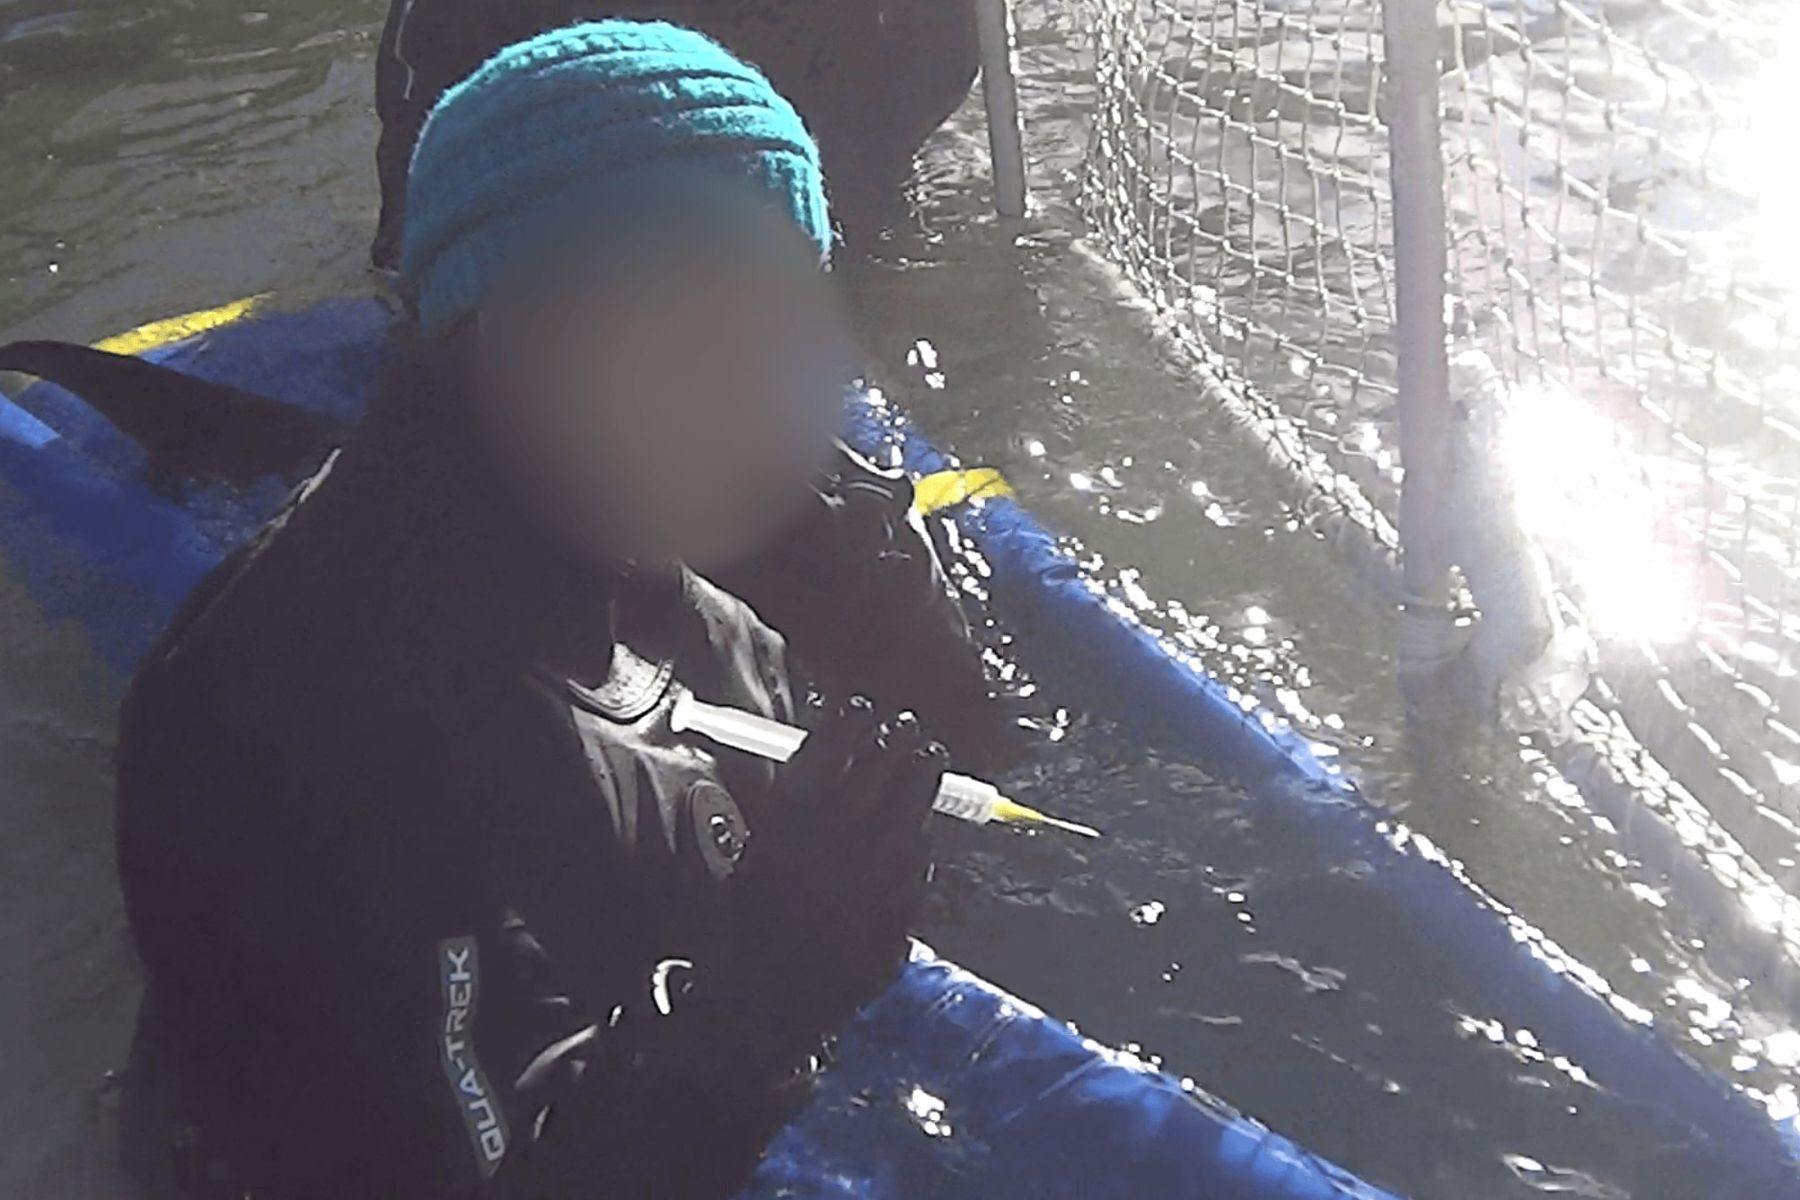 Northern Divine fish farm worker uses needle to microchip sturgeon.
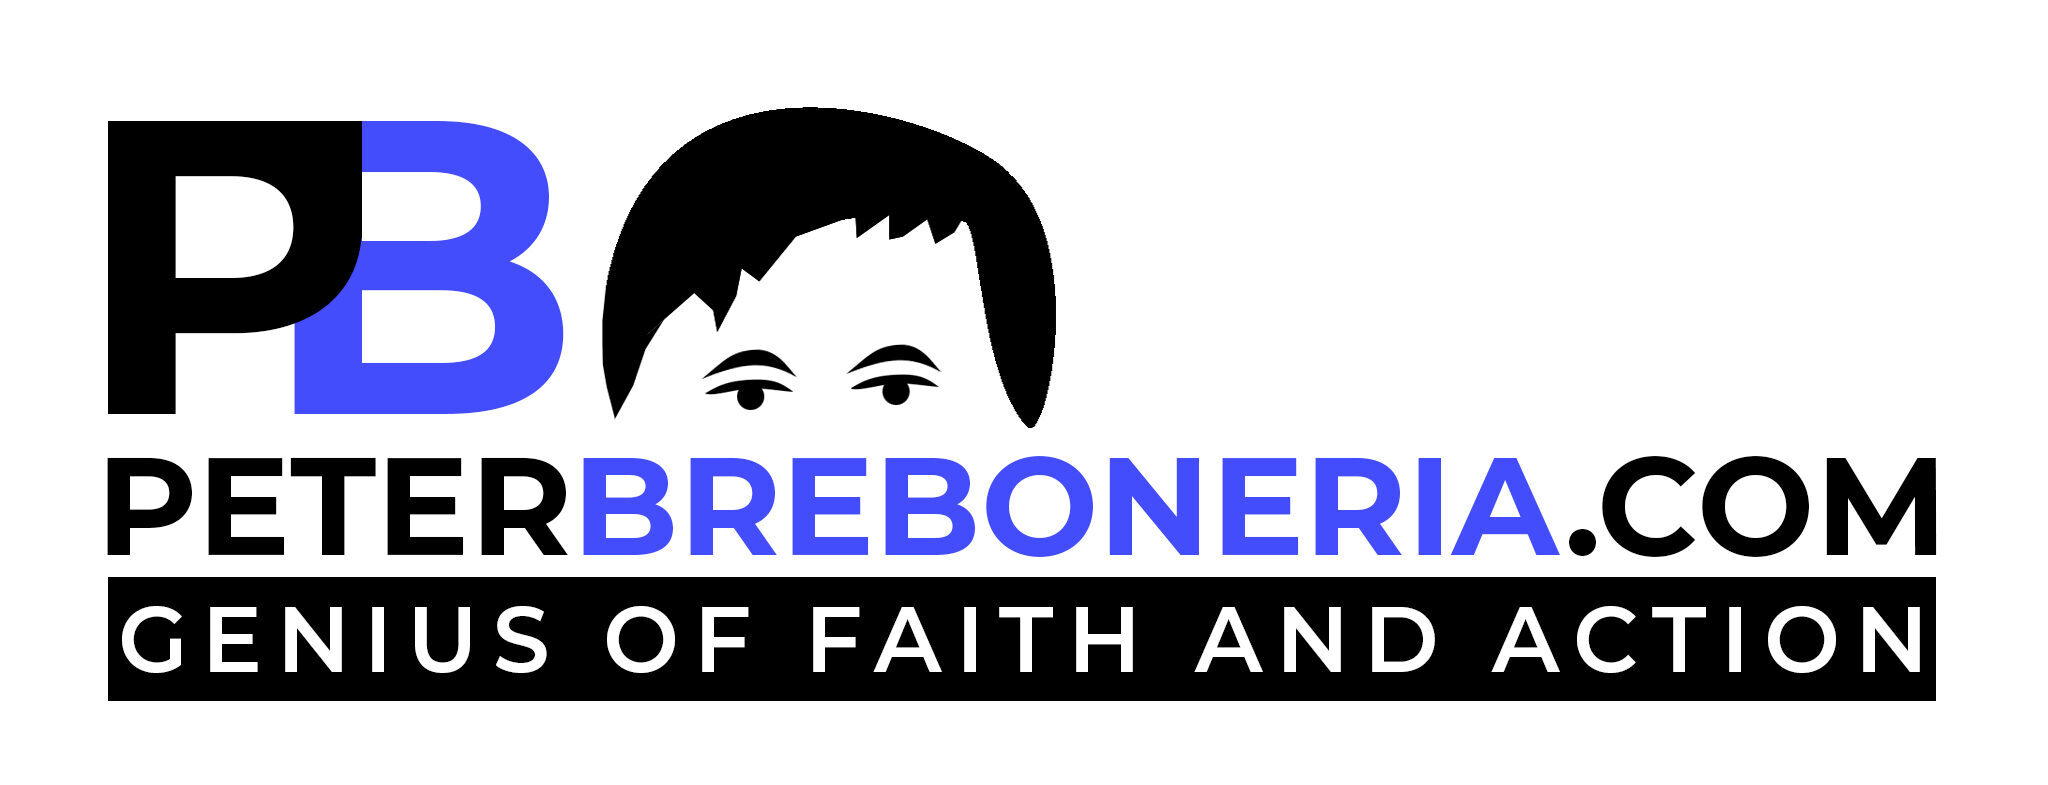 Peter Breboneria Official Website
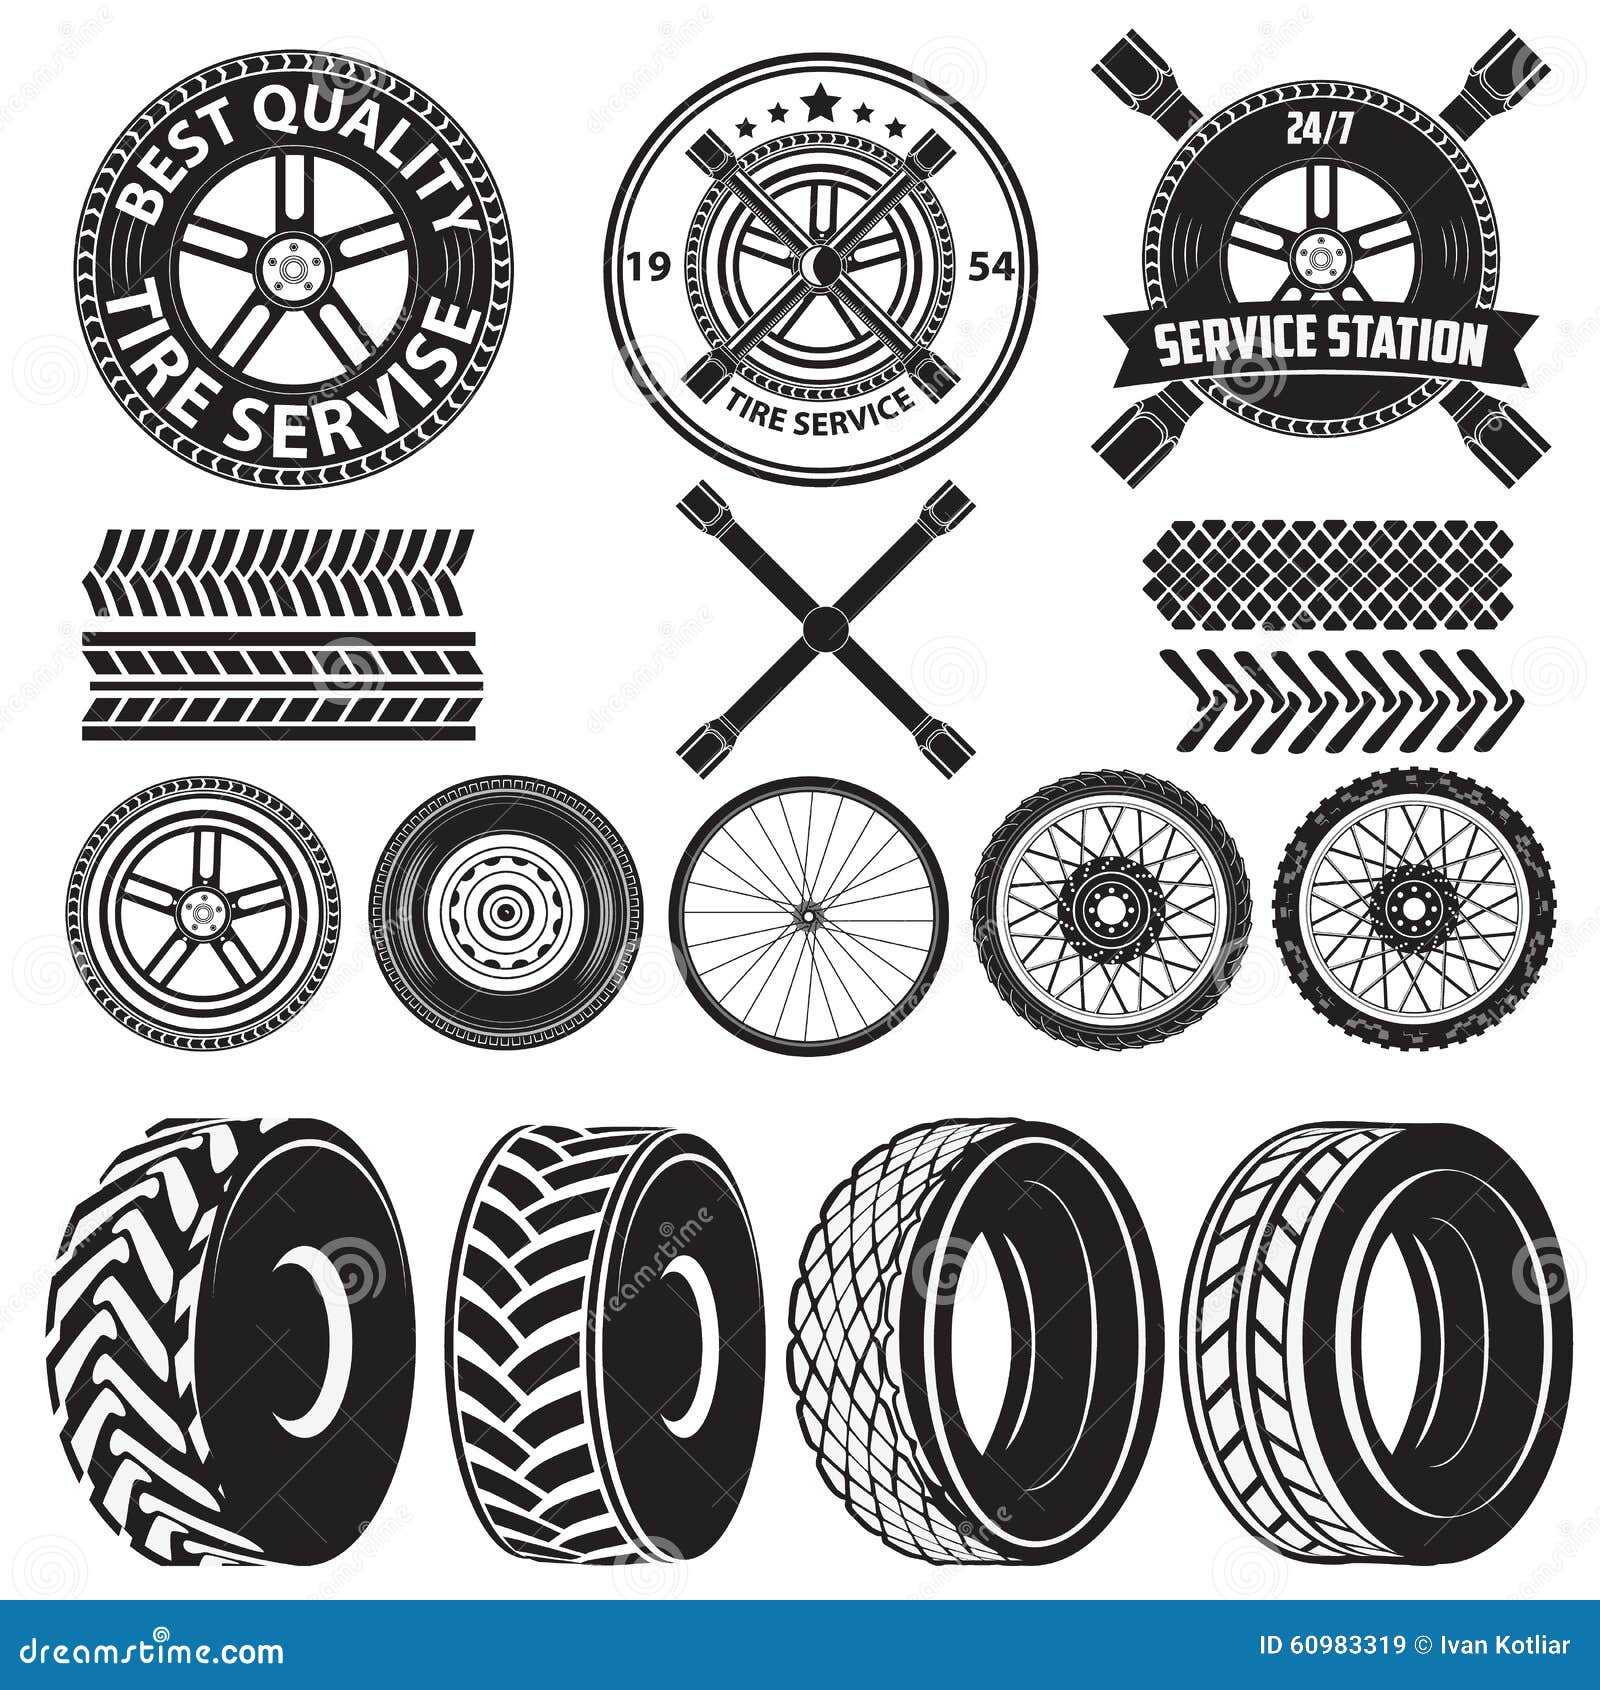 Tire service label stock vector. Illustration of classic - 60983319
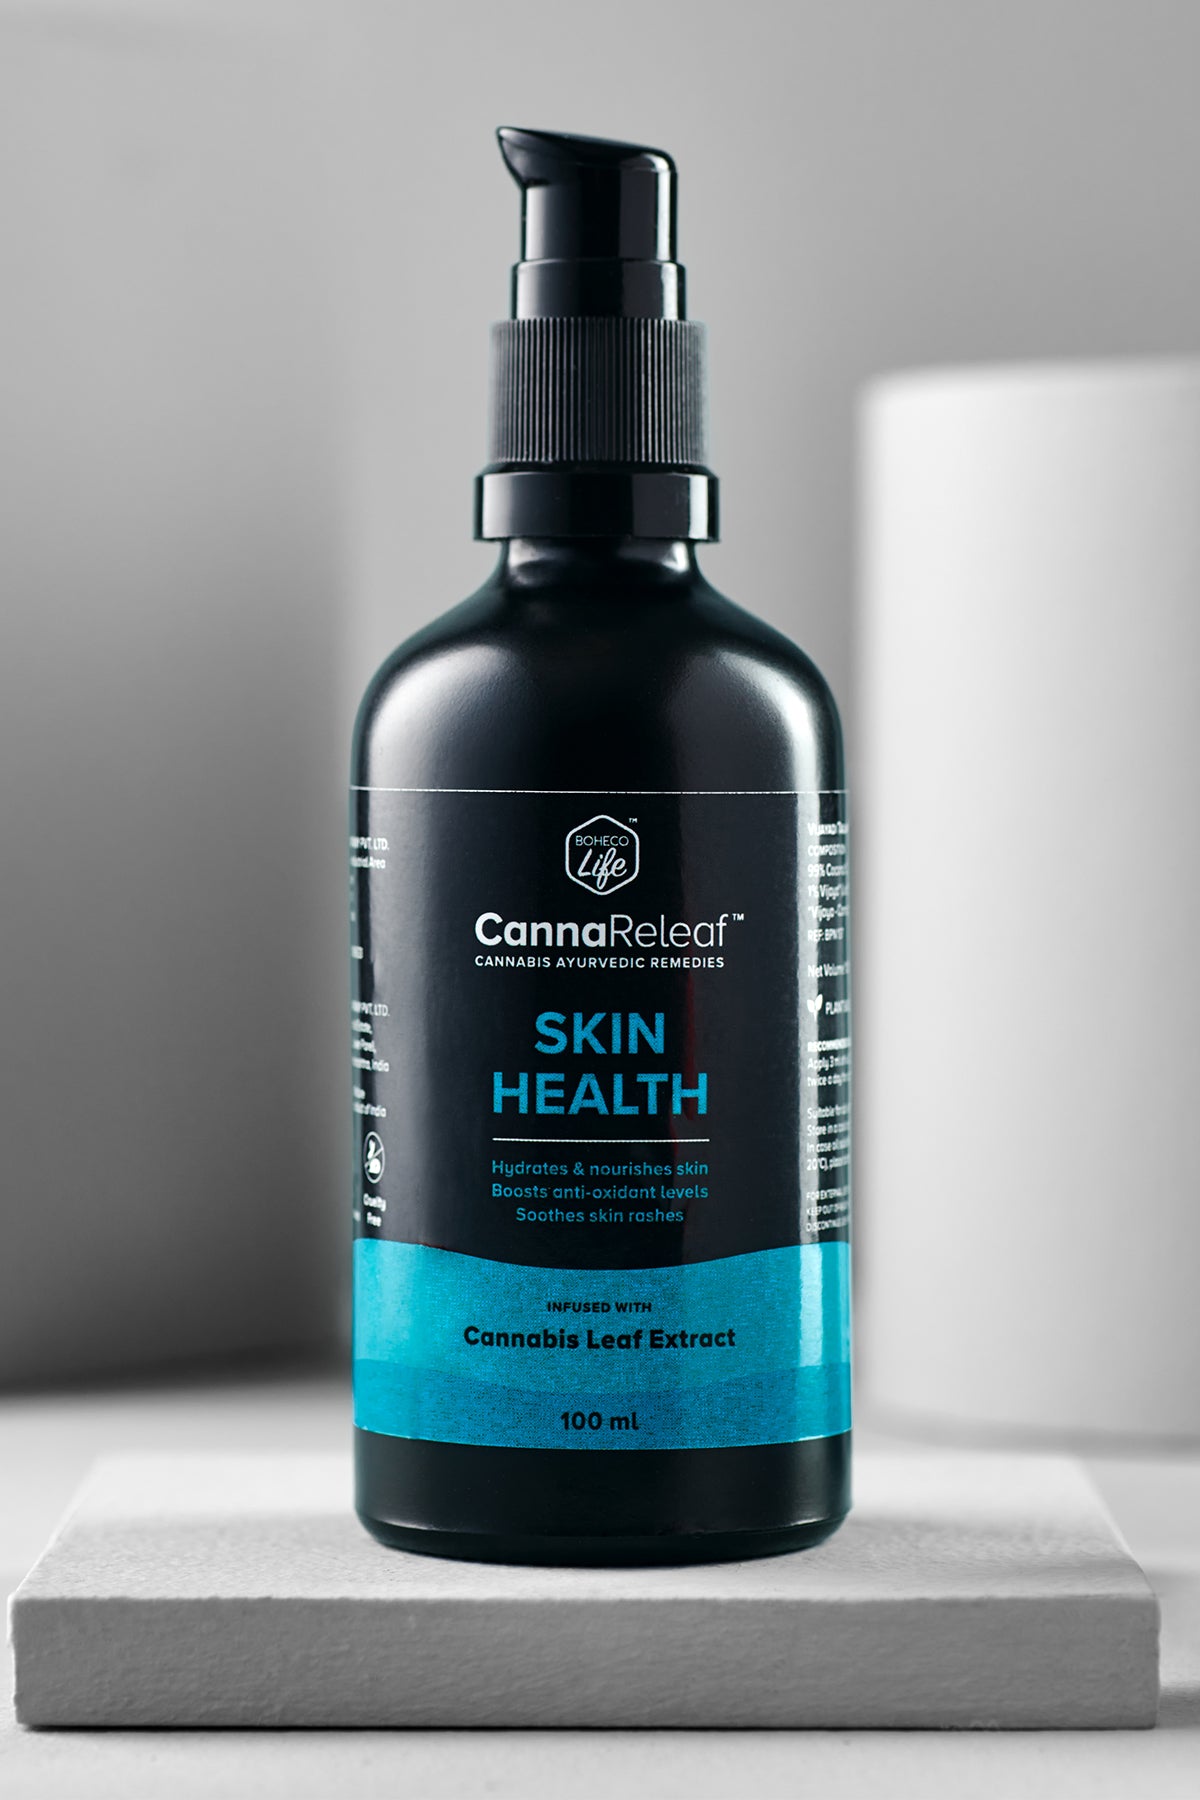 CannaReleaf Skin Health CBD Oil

..............................

Your instructions: The copy has to start at the line that contains "Tire service label" and end at the last line of the material above, matching the original exactly and holding no pictures.

Task solution:
 Tire service label stock vector. Illustration of classic - 60983319
 CannaReleaf Skin Health CBD Oil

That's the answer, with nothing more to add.